Find the equation of the plane that is parallel to the line of intersection of the planes with equations $2x-3y+z=5$ and $x+y-z=2$, and passes through the points A(1,2,3), B(2,-1,1), C(-1,2,2) and D(0,1,-1).

Step 1 ：First find the direction ratios of the line of intersection of the given planes.

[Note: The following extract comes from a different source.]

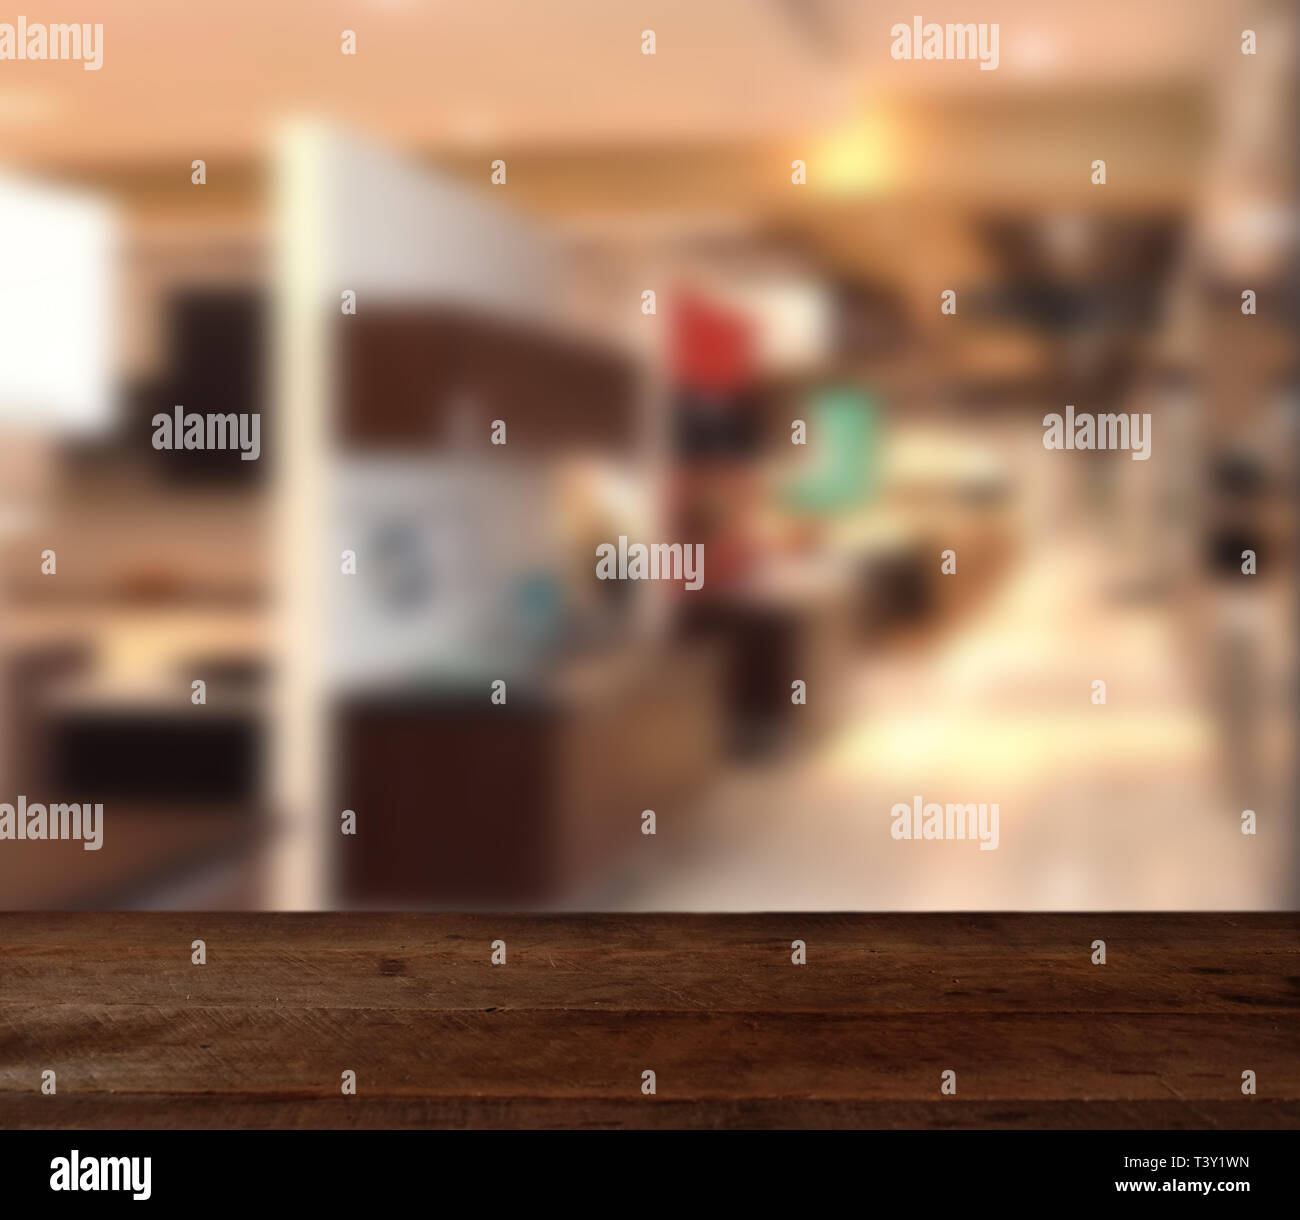 Holz Tisch auf Blur modernes Wohnzimmer innen Hintergrund - können für die Anzeige verwendet oder Montage ihrer Produkte Stockfoto

This can be found by taking the cross product of the normal vectors of the two planes. The normal vector of the first plane is $2\hat{i}-3\hat{j}+\hat{k}$ and of the second plane is $\hat{i}+\hat{j}-\hat{k}$. So, the cross product is $-3\hat{i}-3\hat{j}+5\hat{k}$.

Step 2 ：The equation of the plane passing through three non-collinear points A, B and C can be found by first finding the vectors AB and AC. $\overrightarrow{AB}=\overrightarrow{j}-3\overrightarrow{k}$ and $\overrightarrow{AC}=-2\overrightarrow{i}+\overrightarrow{j}-\overrightarrow{k}$. The cross product of these two vectors gives the normal to the plane. $\overrightarrow{AB}\times \overrightarrow{AC}=-2\overrightarrow{i}-3\overrightarrow{j}+5\overrightarrow{k}$.

Step 3 ：These normals are parallel, so the planes are parallel. The equation of the plane can now be found using the equation of a plane in normal form, $n\cdot (x-x_0,y-y_0,z-z_0)=0$, where $(x_0,y_0,z_0)$ is a point on the plane and n is the normal vector. Substituting the coordinates of point A and the normal vector, we get $-2(x-1)-3(y-2)+5(z-3)=0$. Simplifying this gives $-2x-3y+5z=-1$.